-- Supplied data follows --

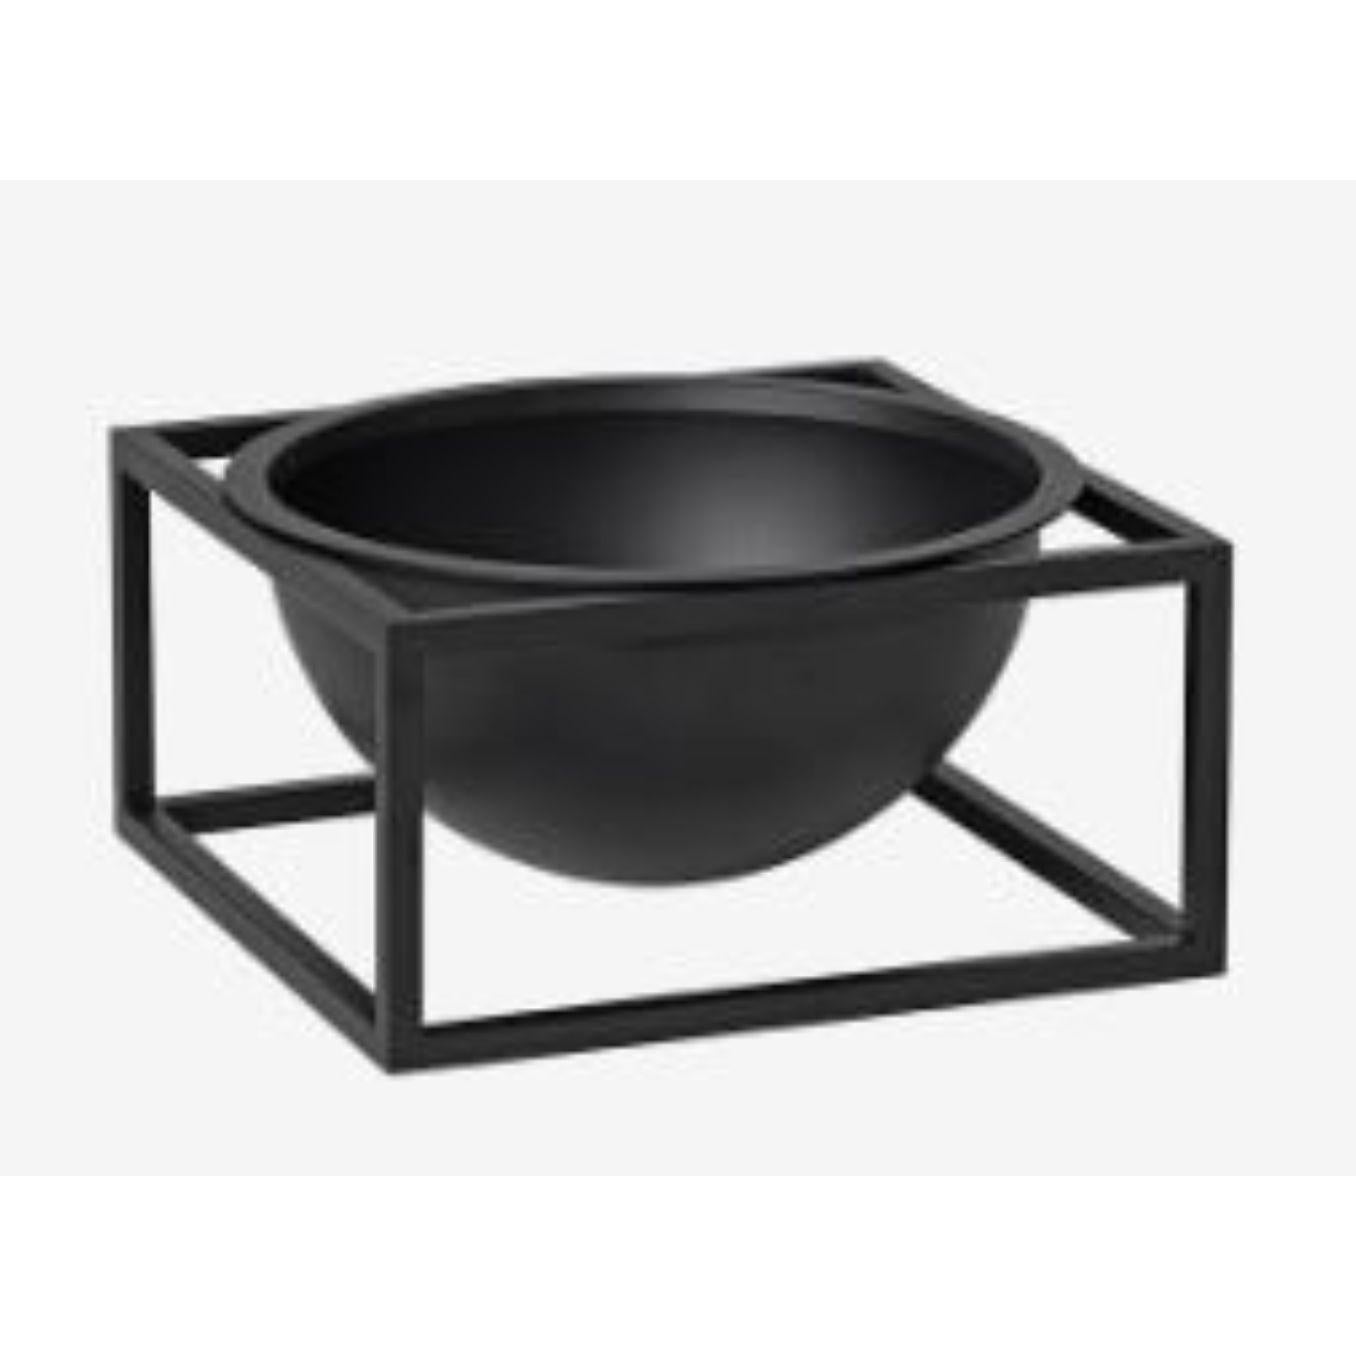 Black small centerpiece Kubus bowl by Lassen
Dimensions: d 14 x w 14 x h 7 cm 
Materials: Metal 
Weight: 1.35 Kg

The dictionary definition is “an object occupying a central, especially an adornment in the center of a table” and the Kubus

-- Supplied data concluded --
-- Supplied data follows --

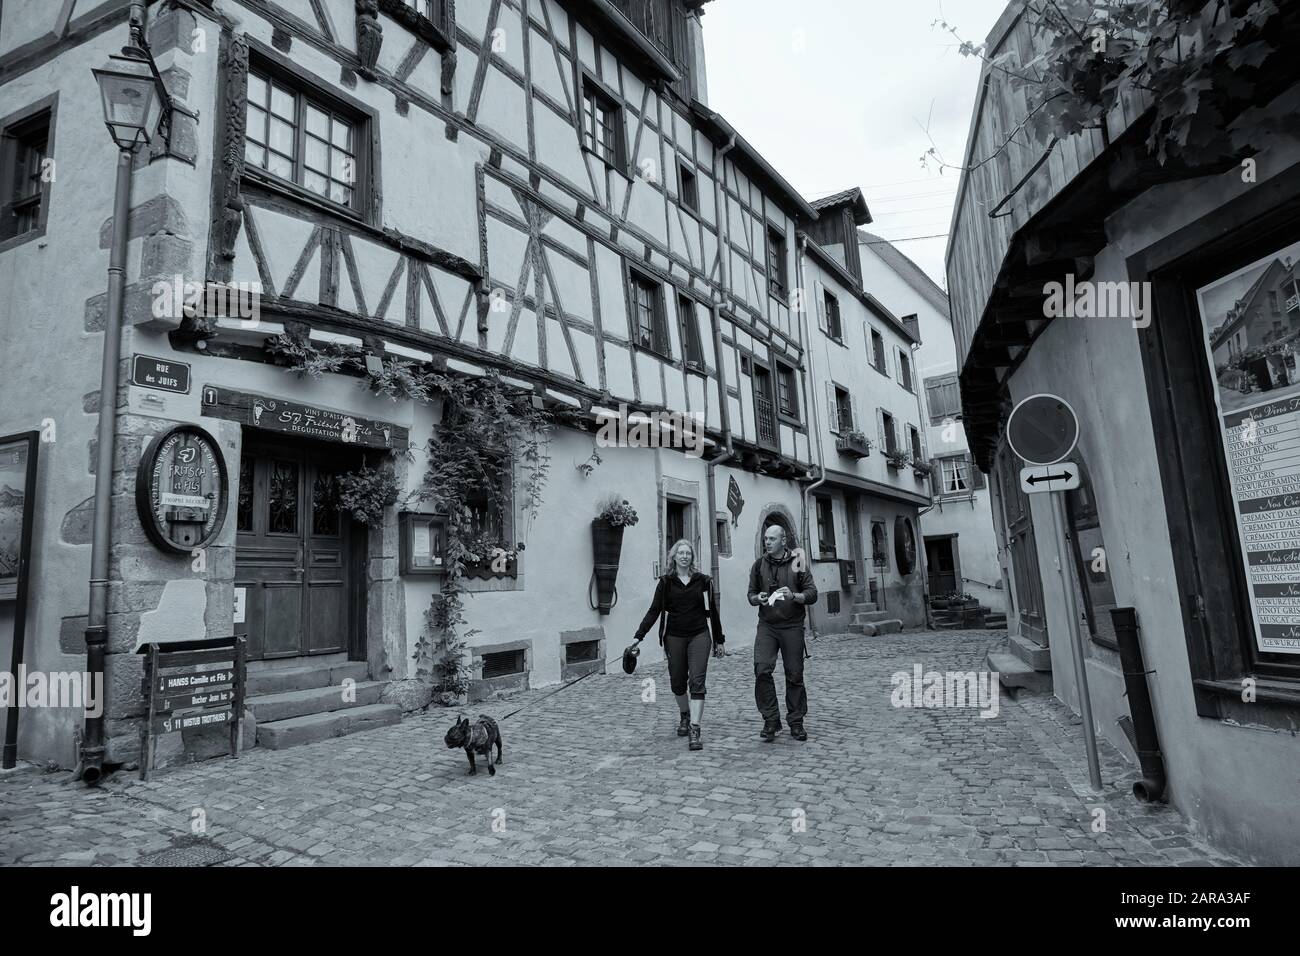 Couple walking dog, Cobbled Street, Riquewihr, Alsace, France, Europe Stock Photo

-- Supplied data concluded --

Out of the listing above, reproduce exactly the lines from the one with "Weight: 1.35 Kg" up to and including the one with "The dictionary definition".

• _Response to the task_
Weight: 1.35 Kg

The dictionary definition is “an object occupying a central, especially an adornment in the center of a table” and the Kubus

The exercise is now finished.